The last message was received only a few minutes ago. I’m grateful he agreed to come. Not that it was a real question. Will is always there for me when I need him. Joel—my stupid ex Joel—might have come, if I’d begged, but he would have complained bitterly about having to drop his weekend plans, rather than just being there, supporting me like Will is. And I need the support right now. I just need to feel like something in my life is normal right now. I drop my phone on my stomach and sigh, scrubbing my hand across my face.

Maybe I need to bite the bullet and tell my parents. I do the mental time zone calculation. Almost eleven here, so almost ten back home. Late, but not too late to cold call my parents.

“Hi, Mum,” I say as soon as she picks up.

“Hi darling. Dad’s here with me too.” Of course he is. My parents are inseparable. It’s sweet, so long as you don’t compare your own relationship to theirs. I imagine they're sitting at the living room table together, probably doing a jigsaw puzzle or something equally wholesome.
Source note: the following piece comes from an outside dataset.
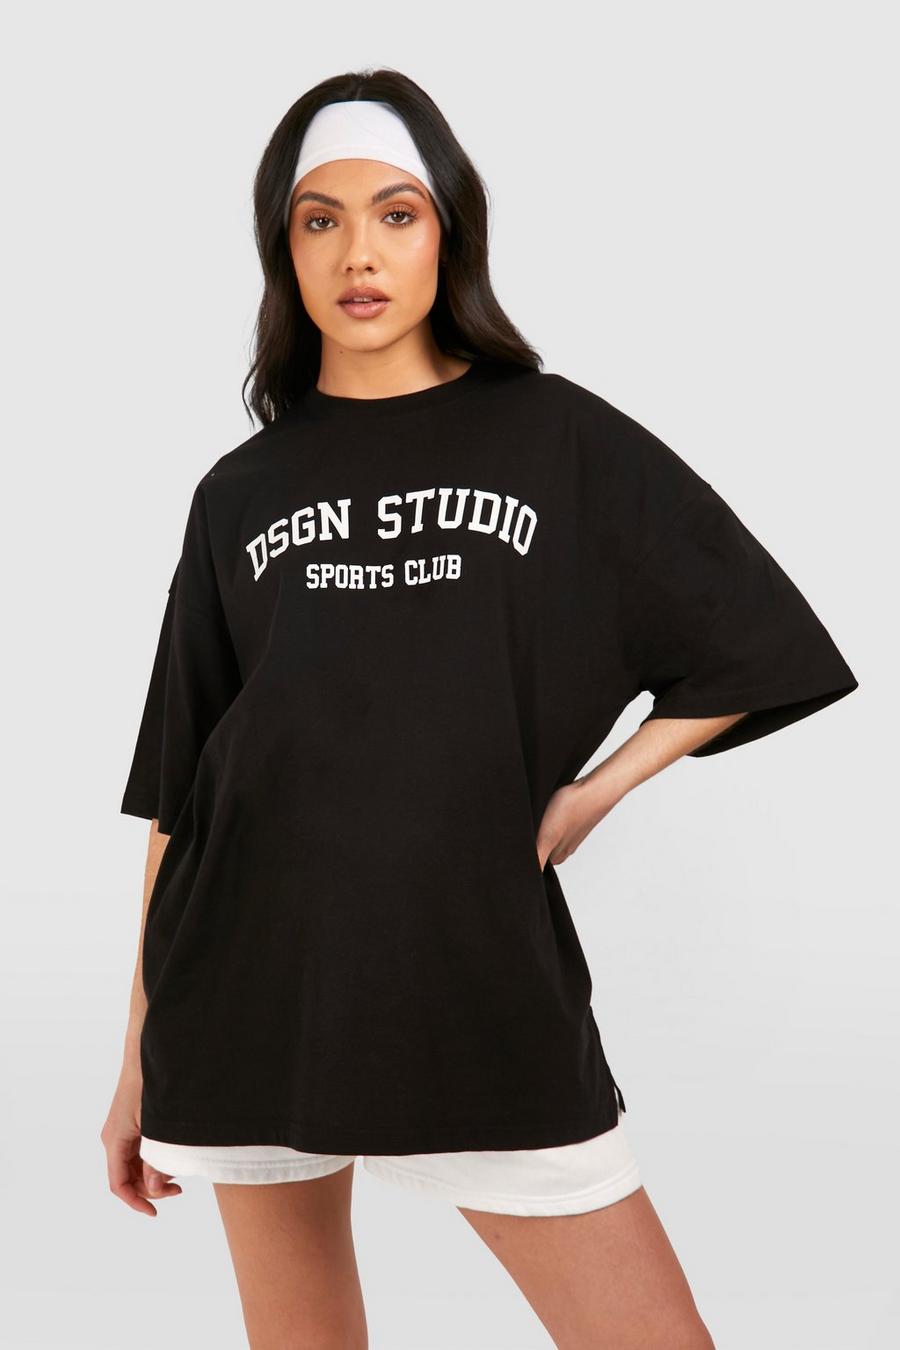 Maternité - T-shirt de grossesse oversize à slogan Dsgn Studio, Black

“Hello, Mia. What’s going on?” Dad’s tone is brisk and to the point. My dad, Richard, has always had a sixth sense when it comes to me. Growing up, it was occasionally a blessing, but most often, a curse. It was great those few occasions when I was sitting through dinner with a giant lump in my throat, too nervous to bring something up. Less good when I was trying to hide a secret.

“When you adopted me, what did you know about my birth parents?”

Mum takes in a sharp breath, and I can almost imagine Dad looking over and giving her an encouraging nod. I love that about their relationship. Dad never takes over and speaks for Mum, but he’s always there, walking alongside her if that’s what she needs in the moment. It’s exactly what I want for myself. Someone to keep me grounded in a storm.

“Well, you know that we went through an agency to get you. Oh, Richie, do you remember how grateful we were? We cried and remember we went out to that lovely Italian restaurant to celebrate that night?” I look up at the ceiling, my phone resting on my stomach. I wish I’d spent more time teaching them how to video chat, I would kill to see them right now. Mum sniffs.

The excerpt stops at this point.